Pedro Antonio de Olañeta y Marquiegui (October 16, 1770 in Elgueta, Gipuzkoa, Spain – April 2, 1825 in Tumusla, Potosí Department, Bolivia) was a Royalist commander in the army of the Spanish Empire who fought against the South American insurgency led by Simón Bolívar. His support for Spanish absolutism and rebellion against the moderate Royalists created conflicts within the Royalist army that aided the rebels. After the defeat of the main Royalist armies, he continued the resistance, becoming one of the last Royalist commanders to hold out. Olañeta was the last Viceroy of the Río de la Plata.

==Early life==
Olañeta was born in a small mountain village in the Biscay province, Spain. His family actively engaged in the colonial trade, and several of his uncles and cousins established themselves in Chuquisaca, Tupiza and Cusco, creating a vast trade network. In 1789 he emigrated to South America with his uncle Pedro Marquegui, a merchant trading the route between Cádiz and La Plata via Buenos Aires. Olañeta settled in the area of Potosí and Salta, becoming a prosperous trader. In 1803 he became Sargent Mayor in the Cavalry of the urban militia of Santiago de Cotagaita, Potosi province. When the war of independence broke out he was promoted to Brigadier General.

==Royalist commander==
When the May Revolution occurred in 1810 he sided with the Royalists, commanded by General José Manuel de Goyeneche, and fought as an officer in campaigns against the rebels. He was promoted to colonel under the command of Joaquín Pezuela, then to brigadier general under Viceroy José de la Serna e Hinojosa in 1821. On 2 August 1822, he was awarded the Cross of San Fernando 3rd Class for his victory at the battle of Venta y Media.
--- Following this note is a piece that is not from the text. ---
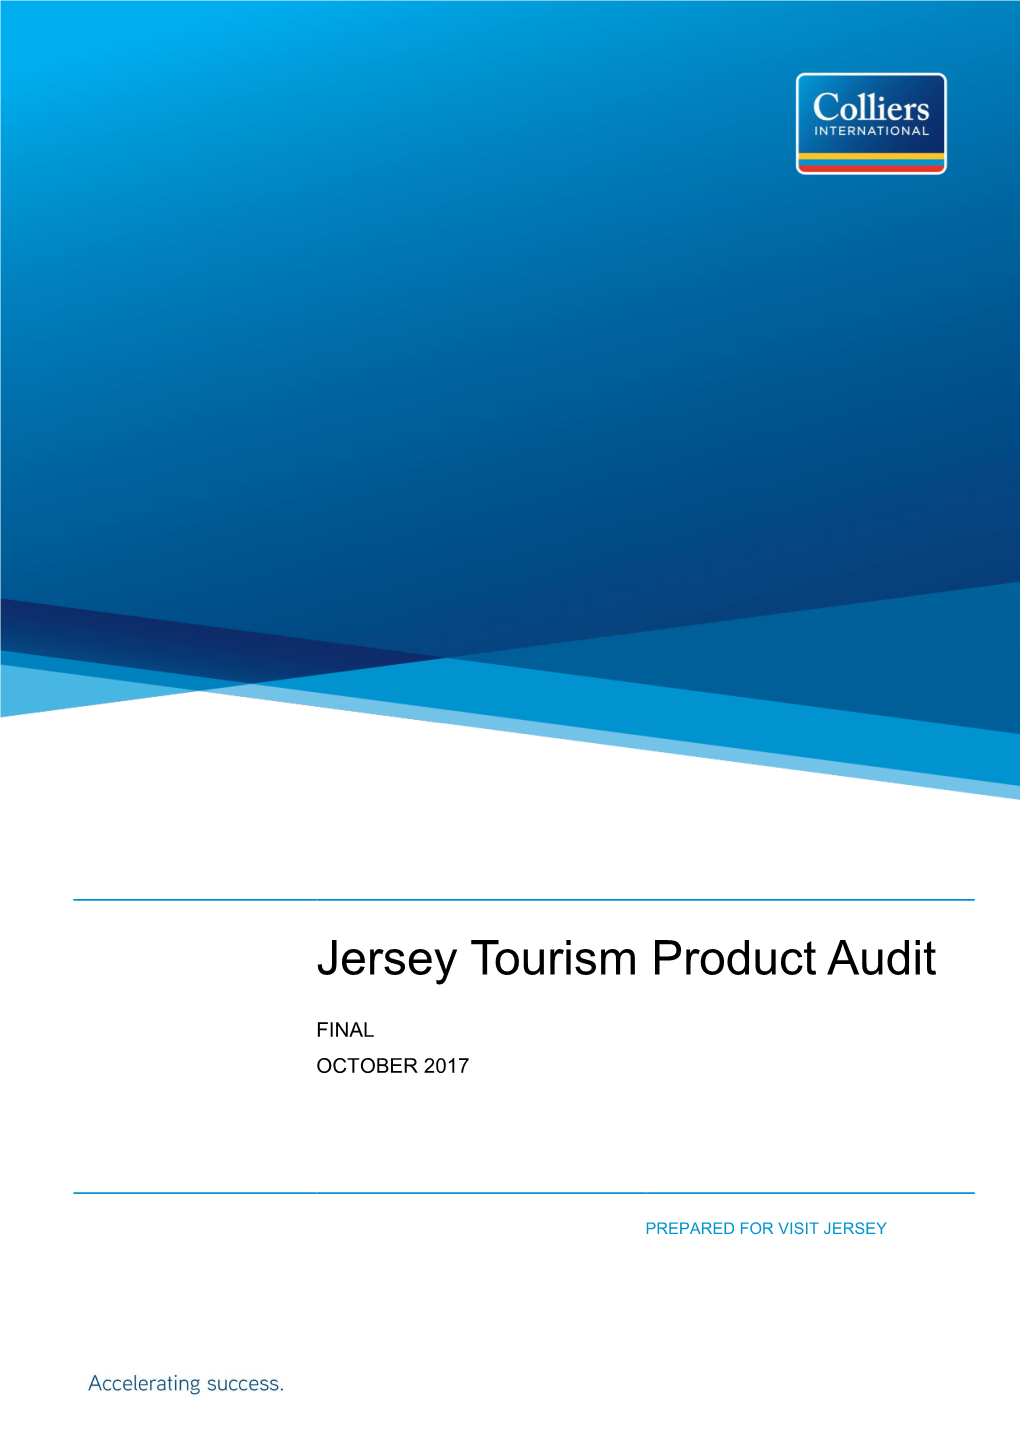 Jersey Tourism Product Audit
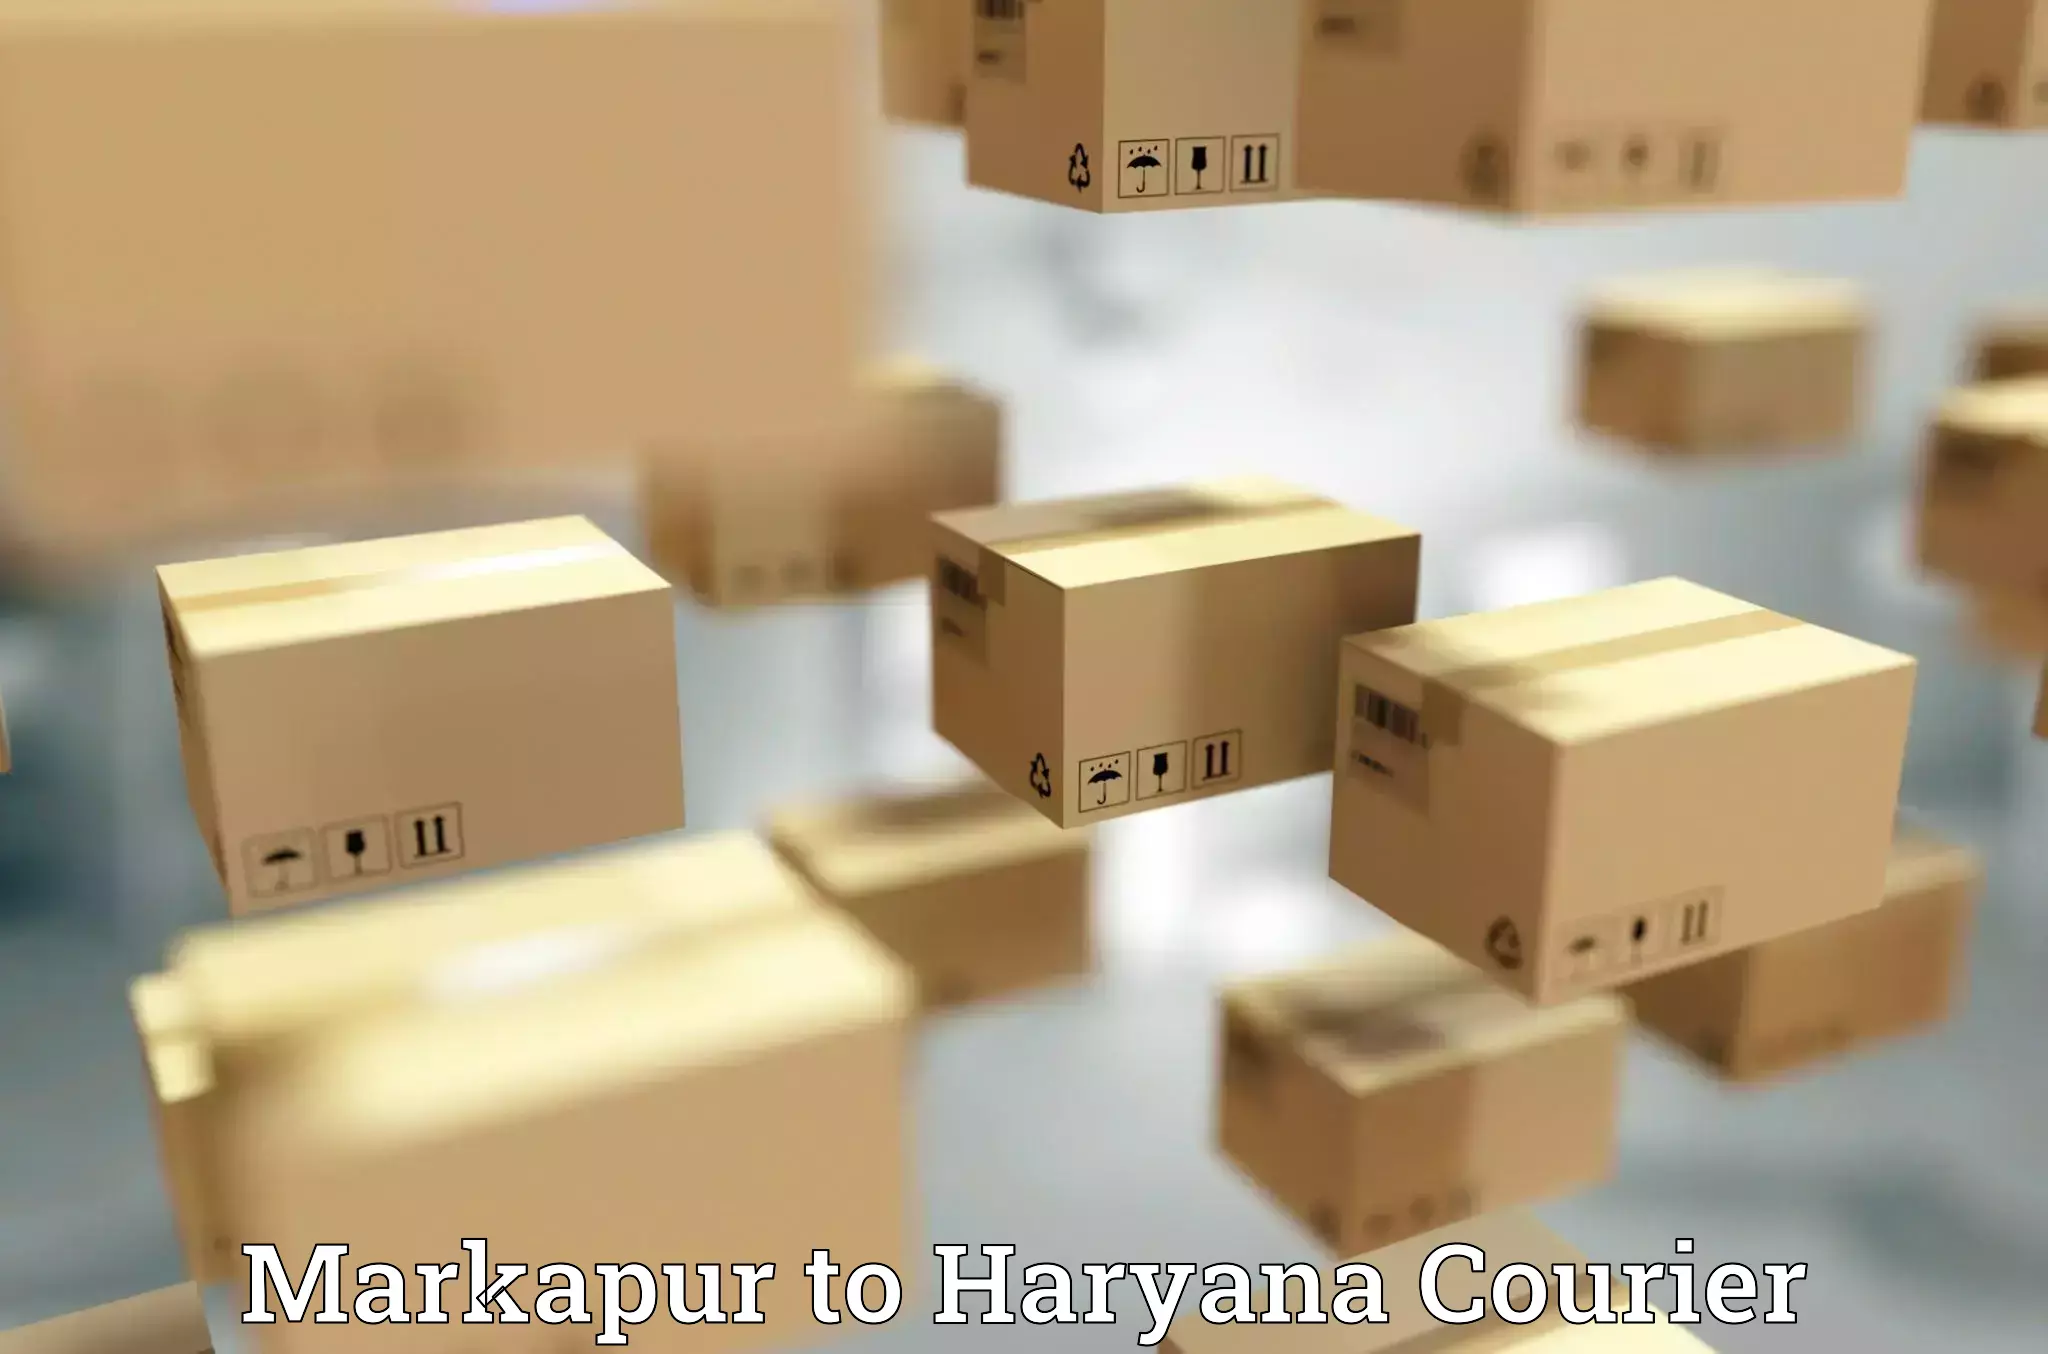 Courier service comparison Markapur to Hodal

After the liberal revolution in Spain under Fernando VII, Olañeta rejected the authority of La Serna and proclaimed himself "the only defender of throne and altar". Olañeta then ordered an attack of the Upper Peruvian royalists on the constitutionalists in the Peruvian viceroyalty. The Viceroy de La Serna was forced to change his plans of going down to the coast to fight Bolívar and sent Jerónimo Valdés with a force of 5,000 veterans to cross the Desaguadero River, which took place on January 22, 1824, in order to drive them to Potosí against his former subordinate "because there are indications of a meditated treason, joining the dissidents of Buenos Aires". Memorias para la historia de las armas españolas en el Perú ("Memories for the history of the Spanish armies in Peru") by peninsular official Andrés García Camba (1846) detailed the radical change that the events in Upper Peru produced in the viceroy's defensive plans. After a long campaign in the battles of Tarabuquillo, Sala, Cotagaita, and finally La Lava on August 17, 1824, both royalists forces of Viceroyalty Peru (liberals) and of the provinces of Upper Peru (absolutists) were decimated.

==Continuing resistance==

After the decisive defeat of the main royalist armies in the Battle of Ayacucho, Olañeta continued a hopeless resistance against Simón Bolívar's forces in the Campaign of Sucre in Upper Peru (today's Bolivia). On April 2, 1825, after a desperate fight, Olañeta was mortally wounded in the Battle of Tumusla, fighting with a few hundred men against many of his own ex-troops led by Colonel Carlos Medinaceli, who had defected to the patriots. He died the following day. This battle of the war of independence was the last engagement in an open field by regular armies in South America. Unaware of his death, Fernando VII appointed him Viceroy of the Rio de la Plata. After the battle Antonio José de Sucre called a congress of Upper Peru and saw the creation of a new nation, Bolivia.

== Honors ==
1820: Cross of Commander of the Order of Isabel the Catholic.

1822: Cross of San Fernando, 3rd class.